13 February 2008

Imagine No Insurance Industry

It's easy if you try.

Kevin Drum has a fabulous post at Washington Post on living without the insurance industry. One of the reasons that both Kevin Drum and Ezra Klein are so great is the quality of the comments they inspire. Scroll down and admire how smart people are.

Drum links to an LA Times article on Blue Cross/Blue Shield sending a threatening letter to physicians, telling them they'd better tell all about their patients' conditions so that the insurer can deny treatment by any means possible.

He asks -- what good are insurance companies? "They cherry pick clients, add huge administrative costs to the system, and do nothing to drive innovation or bring down costs."

Next he muses on a column by right-winger Tyler Cohen, who thinks that all we need to do is set up a massive new federal bureaucracy forcing the insurance industry to be more accountable. Drum's responds,
But if it's price signals and competition you're after, why not cut out the middleman and have consumers pay doctors directly? For example, imagine a national healthcare plan that paid 75% of all medical expenses but required you to pay the other 25%. Your maximum out-of-pocket expense each year would be capped at, say, 5% of income at low income levels, 15% in the middle, 30% at the next level, and 50% for the rich.

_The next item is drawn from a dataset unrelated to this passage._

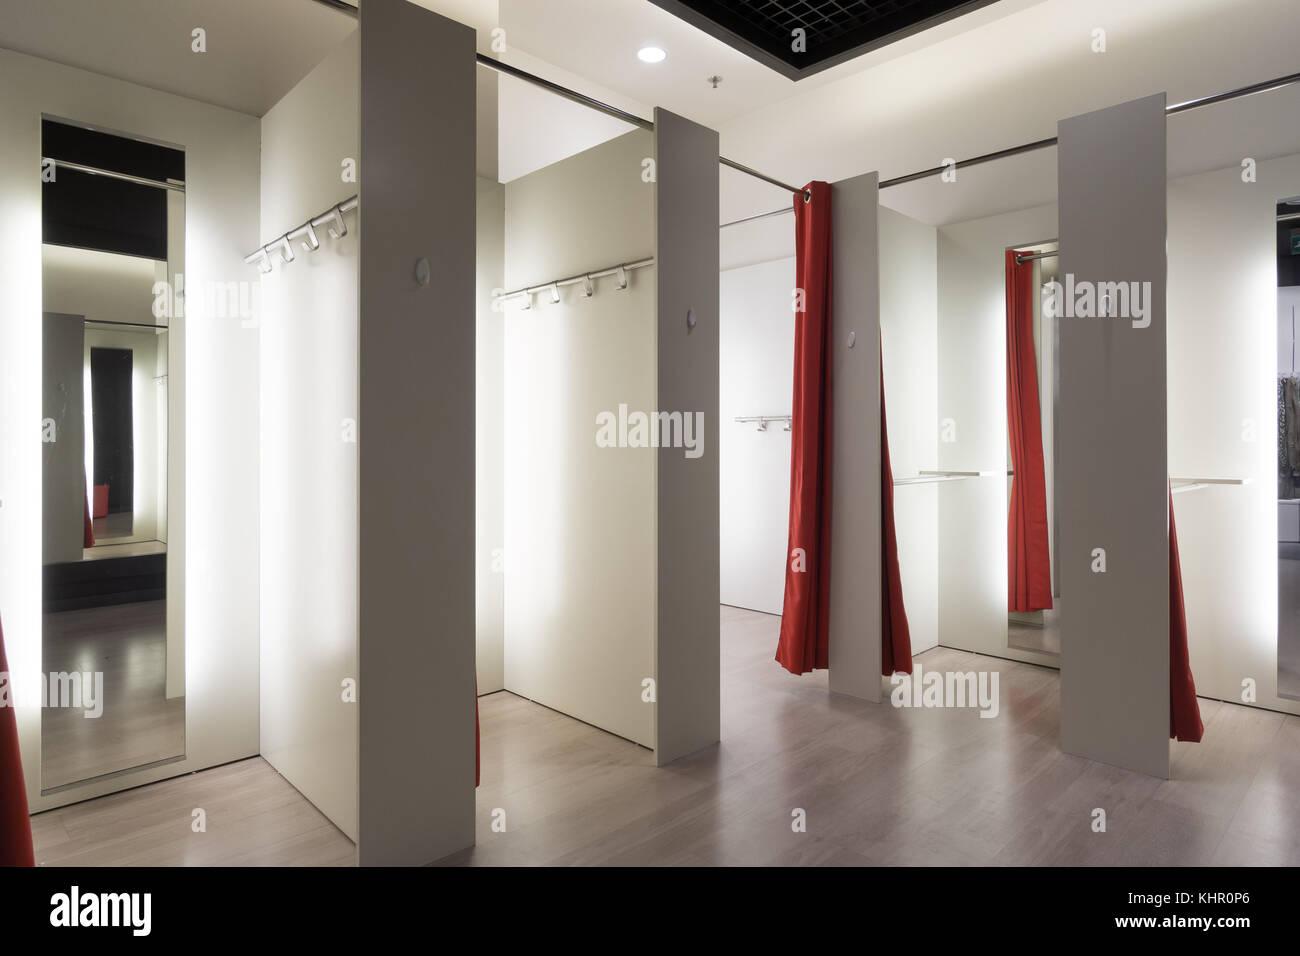 Fitting room interior - Stock Image

Or something like that. It covers everyone, it limits catastrophic medical expenses, and it eliminates insurance companies and their bloated administration costs. But the copay is high enough that it gives consumers an incentive to shop around and doctors an incentive to compete.

This kind of single-payer system obviously requires lots of government funding, but on the regulatory front would probably be more conducive to competition and innovation than desperately trying to bring down ever-bigger hammers on private insurance companies who are gaming the system. And since the government would basically just be in the check writing business, not the spending business, deadweight costs would be fairly low.
I didn't have to go far before finding a commenter pointing out that high deductibles are counter productive to preventive care.

The internet is a wonderful place. Thanks Al Gore.